EXERCISE DESCRIPTION: The line with "Il est doté" marks the start; write out that line and all following lines through the end of the listing, exactly.

DATA START

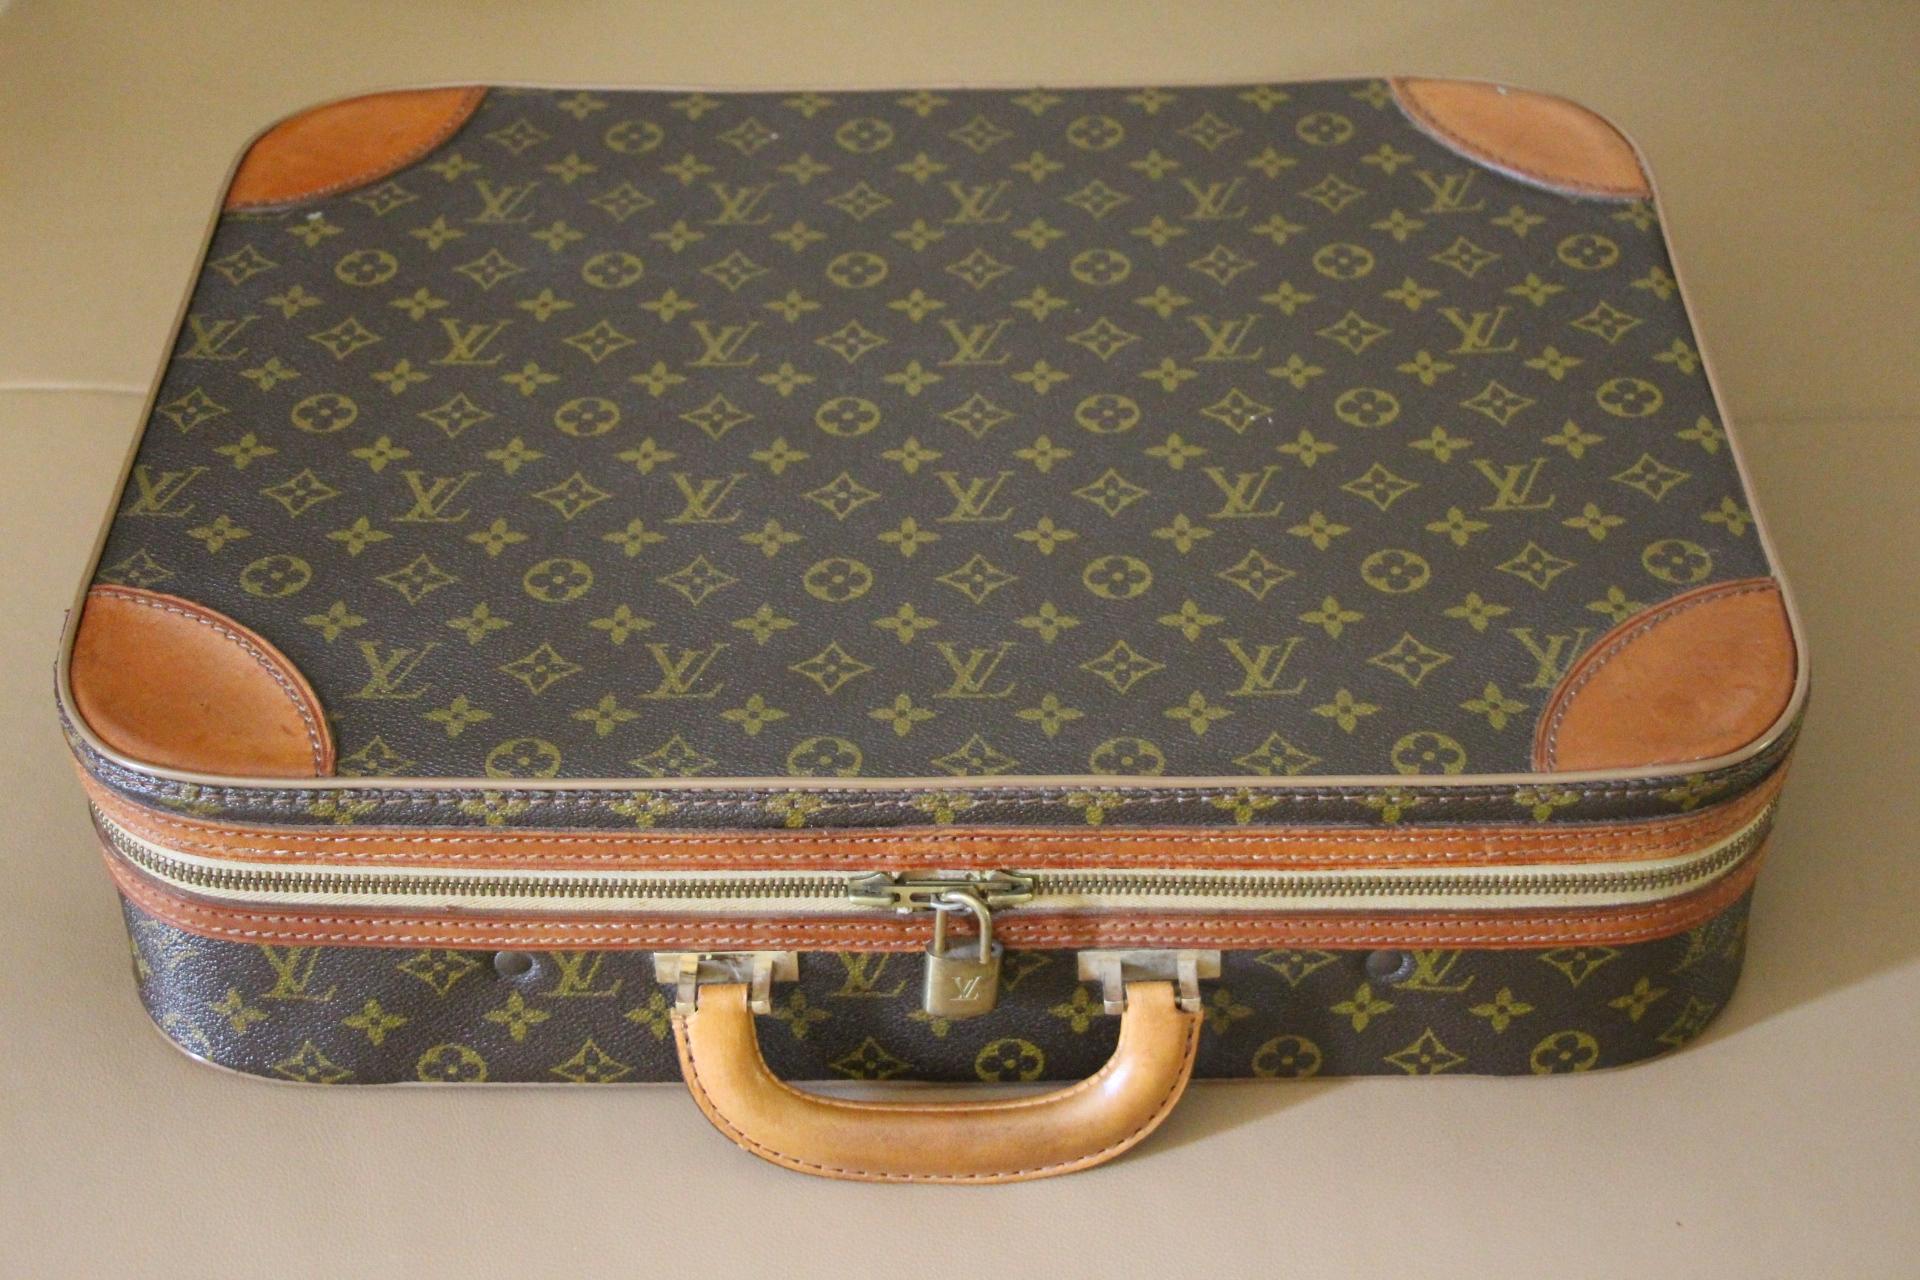 Voici une magnifique valise semi-rigide Louis Vuitton monogramme. Il se ferme grâce à ses 2 fermetures éclair en douceur et sans effort.
Il est doté d'une poignée en cuir large et confortable.
Quant à son intérieur, il est en très bon état. Il a

DATA END

SOLUTION FOR THIS TASK:
Il est doté d'une poignée en cuir large et confortable.
Quant à son intérieur, il est en très bon état. Il a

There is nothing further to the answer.